* _What you will do_
Go through the entries below and print, exactly, the lines starting at the one with "Adidas Graphic Print" and ending at the one with "Drake vs Kanye Who is more famous", keeping both ends and no others.

* _Input_
=== Section Start ===

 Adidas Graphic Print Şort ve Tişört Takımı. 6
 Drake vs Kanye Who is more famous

=== Section End ===
=== Section Start ===

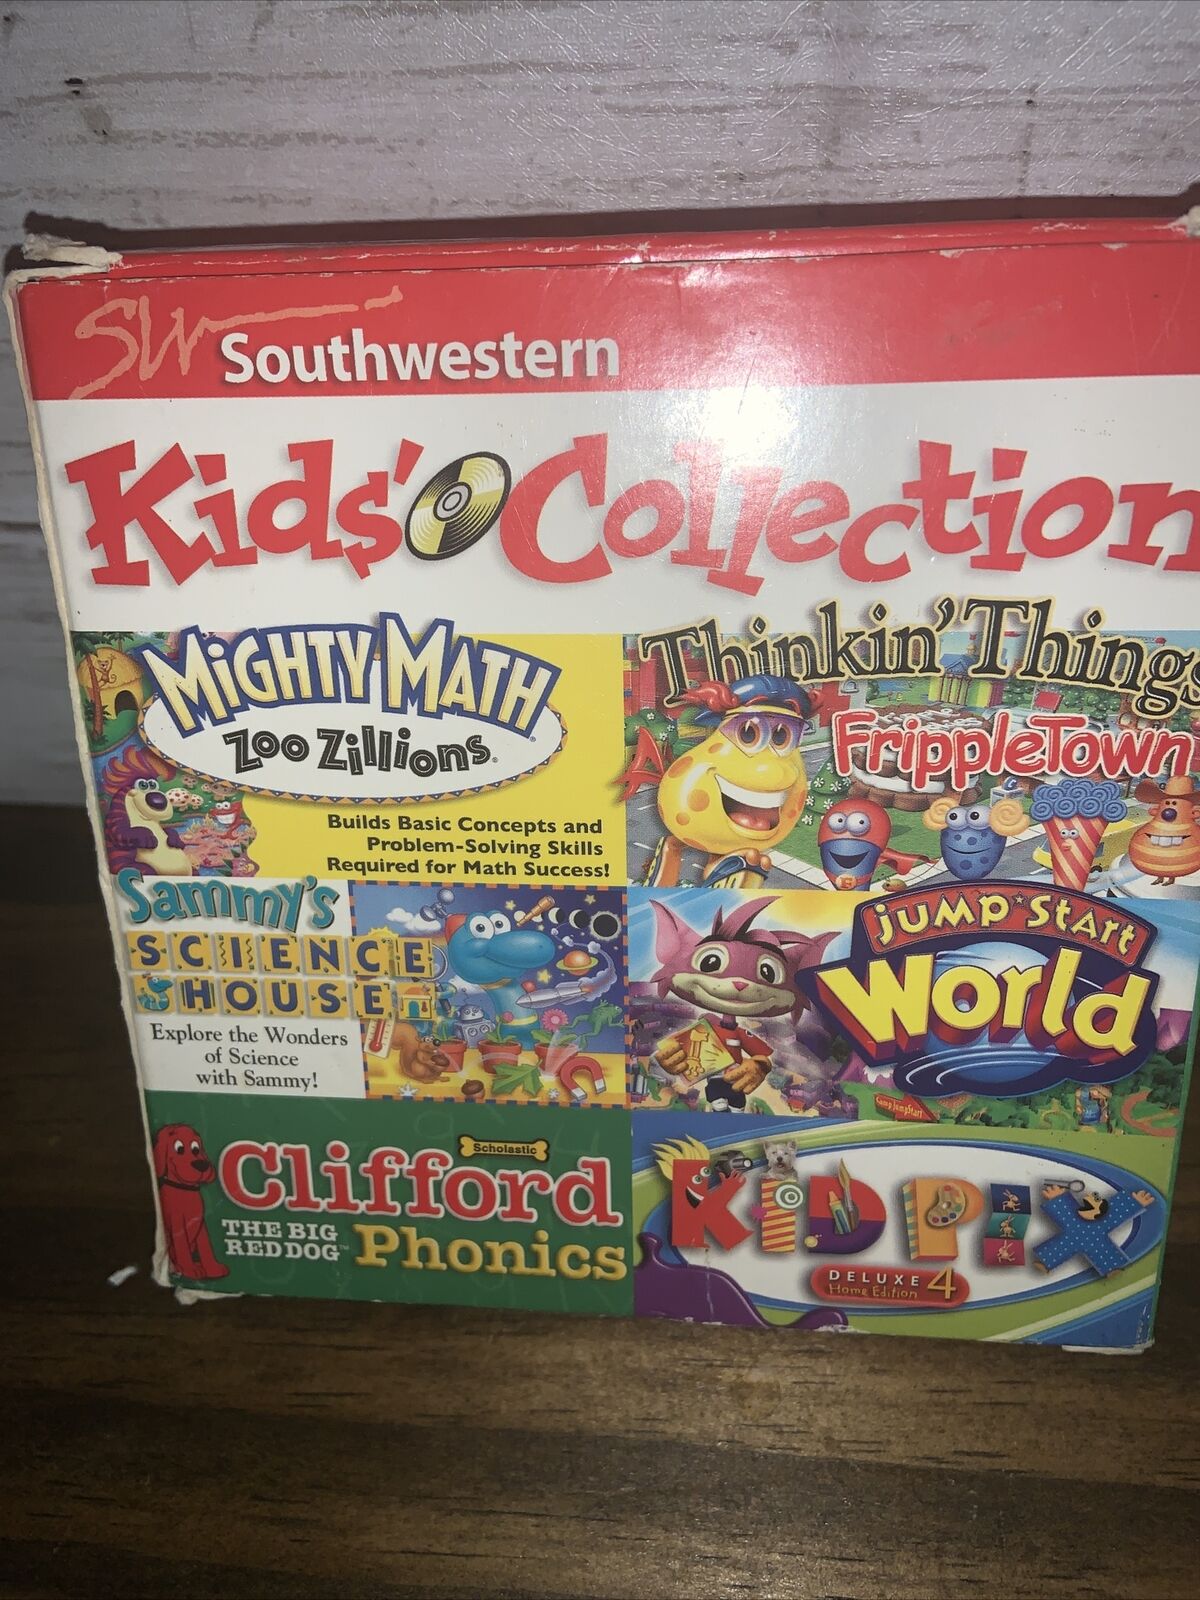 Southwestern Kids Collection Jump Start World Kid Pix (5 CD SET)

=== Section End ===

* _Task result_
 Adidas Graphic Print Şort ve Tişört Takımı. 6
 Drake vs Kanye Who is more famous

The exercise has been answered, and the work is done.